Useless LEFT JOIN breaks MIN/MAX optimization

Started by Alena Rybakina11 months ago5 messages

a.rybakina@postgrespro.ru

11 months ago

1 attachment(s)

Hi hackers!

My colleague gave me an interesting case related to min max
optimization. Adding a useless left join to the select min from t query
breaks the min/max read optimization from the index.
What is meant is shown in the example below:

drop table if exists t1;
drop table if exists t2;

create table t1 (id int not null, mod text);
insert into t1 select id, (id % 10)::text from generate_series(1,100000) id;
create unique index on t1(id);
create index on t1(mod);

This is the best plan for this query, since we only need one minimum
value for this index. And it works perfectly:
explain select min(mod) from t1;
explain select min(mod) from t1;
QUERY PLAN
------------------------------------------------------------------------------------------------
Result (cost=0.33..0.34 rows=1 width=32)
InitPlan 1 (returns $0)
-> Limit (cost=0.29..0.33 rows=1 width=32)
-> Index Only Scan using t1_mod_idx on t1 (cost=0.29..3861.54
rows=99500 width=32)
Index Cond: (mod IS NOT NULL)
(5 rows)

create table t2 (id int not null);
insert into t2 select id from generate_series(1,100000) id;
create unique index on t2(id);

But if we add a join, we fall into a sec scan without options:
explain select min(t1.mod) from t1 left join t2 on t1.id = t2.id;
postgres=# explain select min(t1.mod) from t1 left join t2 on t1.id = t2.id;
QUERY PLAN
-----------------------------------------------------------------
Aggregate (cost=1693.00..1693.01 rows=1 width=32)
-> Seq Scan on t1 (cost=0.00..1443.00 rows=100000 width=32)
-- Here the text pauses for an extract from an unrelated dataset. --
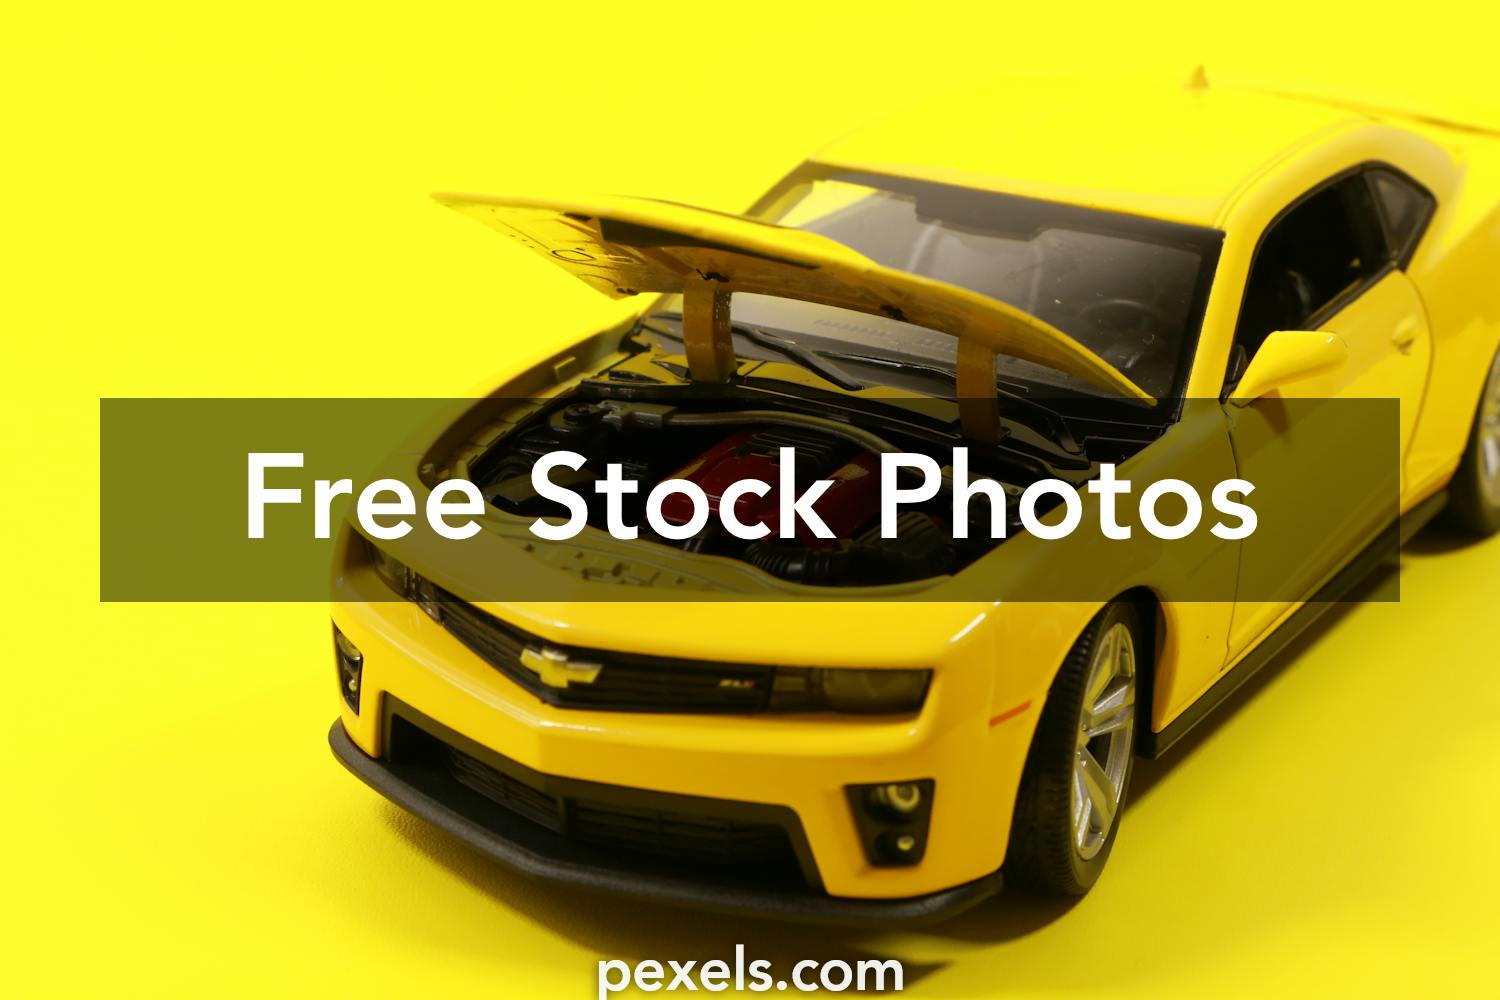 Download Yellow Images Of Pj Mask Toys Free Stock Photos PSD Mockup Templates

I have implemented a patch that solves this problem - allowing to
consider and join expressions for trial optimization. I am glad for
feedback and review!

--
Regards,
Alena Rybakina
Postgres Professional

Attachments:

0001-Apply-min_max_transformation-for-eliminated-join-rel.patchtext/x-patch; charset=UTF-8; name=0001-Apply-min_max_transformation-for-eliminated-join-rel.patchDownload

From eb8fe49f68e198217a8f3e92ee424ff897f9e21e Mon Sep 17 00:00:00 2001
From: Alena Rybakina <a.rybakina@postgrespro.ru>
Date: Thu, 27 Feb 2025 11:26:44 +0300
Subject: [PATCH] Apply min_max_transformation for eliminated join relations
 after successfuly applying join removal optimization.

---
 src/backend/optimizer/plan/planagg.c     | 14 +++++++--
 src/test/regress/expected/aggregates.out | 40 ++++++++++++++++++++++++
 src/test/regress/sql/aggregates.sql      | 17 ++++++++++
 3 files changed, 69 insertions(+), 2 deletions(-)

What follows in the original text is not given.